Sunday, April 15, 2007

Show Trials In Iran

UPDATE: Check out the new blog covering the Mid East: Outsider On The Inside

With much of its' international critics distracted by the recent hostage situation, as well as their ongoing nuclear adventure, Iran's government has begun repressing the political opposition again.

As part of a wider crackdown, Iran's parliament has also passed laws enabling security organisations - including the Revolutionary Guard, which was responsible for kidnapping the 15 Britons - to detain suspects for months for the purposes of interrogation.

Police are also reportedly planning to tackle more low-level dissent, including standards of public attire. Women who fail to cover their hair fully, or who wear skirts or coats considered immodestly short, are expected to be among the first targets in the next few days.

Some western diplomats are sceptical about the credentials of the reformists, regarding them as only slightly more moderate than Ahmadinejad's hardliners, though they enjoyed more freedom under the previous presidency of Mohammad Khatami, who held the post from 1997 to 2005.

According to some in the Iranian opposition, reformists are being given court sentences in order to disqualify them from running for parliament, with many predicting a pattern of show trials:

"They want to have a sword above our head and the rest is excuses," he said. "The main issue here is that in the coming year we have the parliamentary elections. Because rejecting reformist candidates in the previous election created problems for the judiciary, they are taking a different route this time."

Rather than risk further international criticism for an overt clampdown on opponents, he said the government was using the courts to neuter them.

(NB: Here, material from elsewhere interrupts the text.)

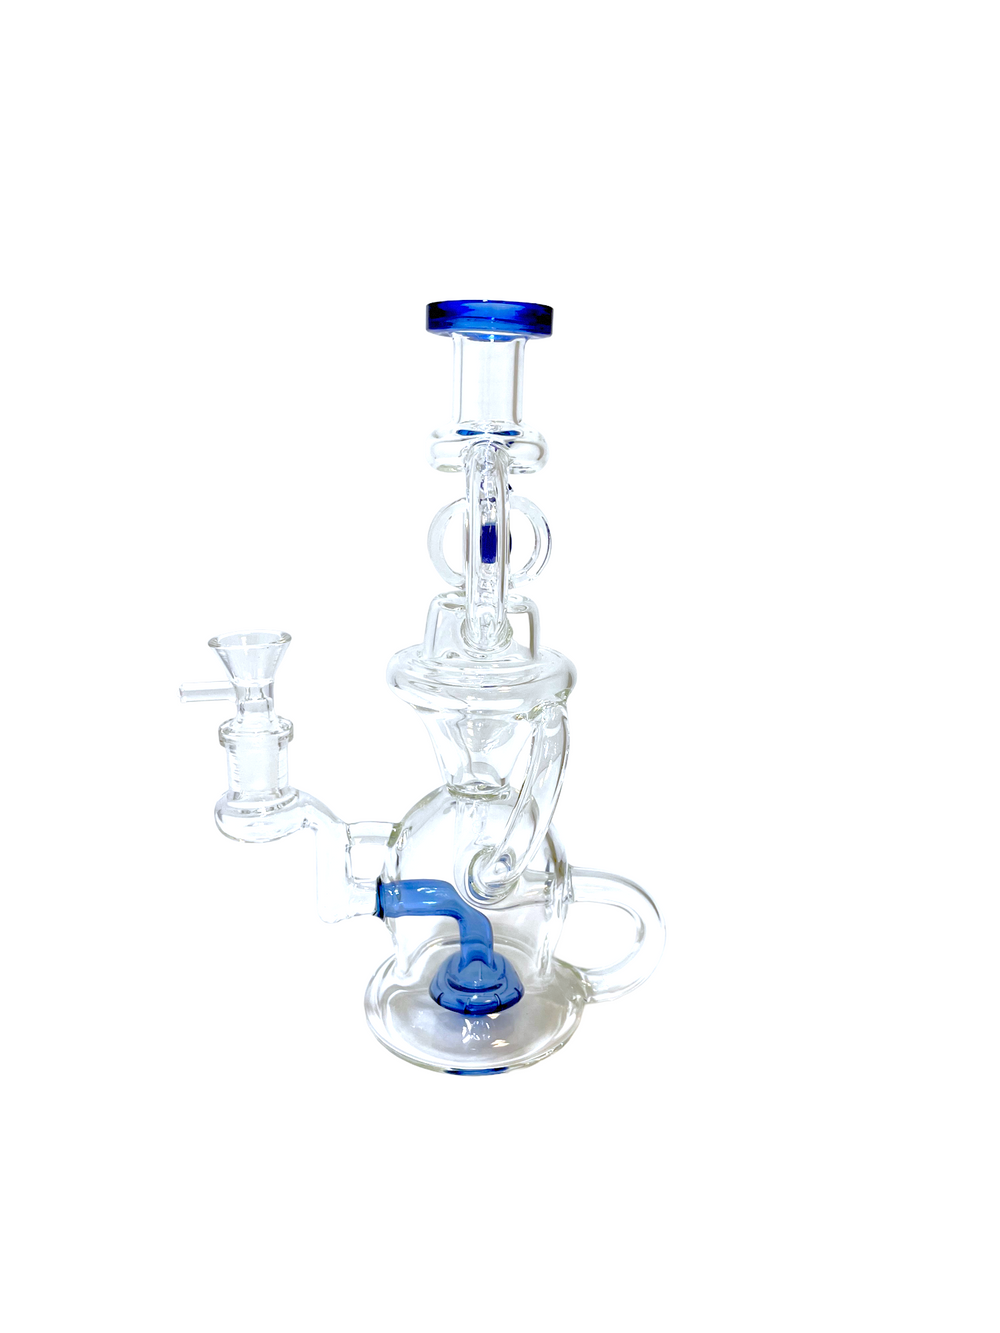 10" Spinning Recycler-BL

"What they want to do is to put the reformists in court now, and sentence them for any reason. If they have a court record, they will automatically be barred from standing for election," he said.

"The hardliners desperately want to see the back of the reformists and have proved that they are willing to use any kind of tactic to achieve their goal."

Amir Taheri, an exiled Iranian journalist based in Europe, said the regime was preparing show trials for scores of dissidents.

"It seems to be setting the stage for show trials that recall the worst days of Stalinism in the Soviet Union," he said.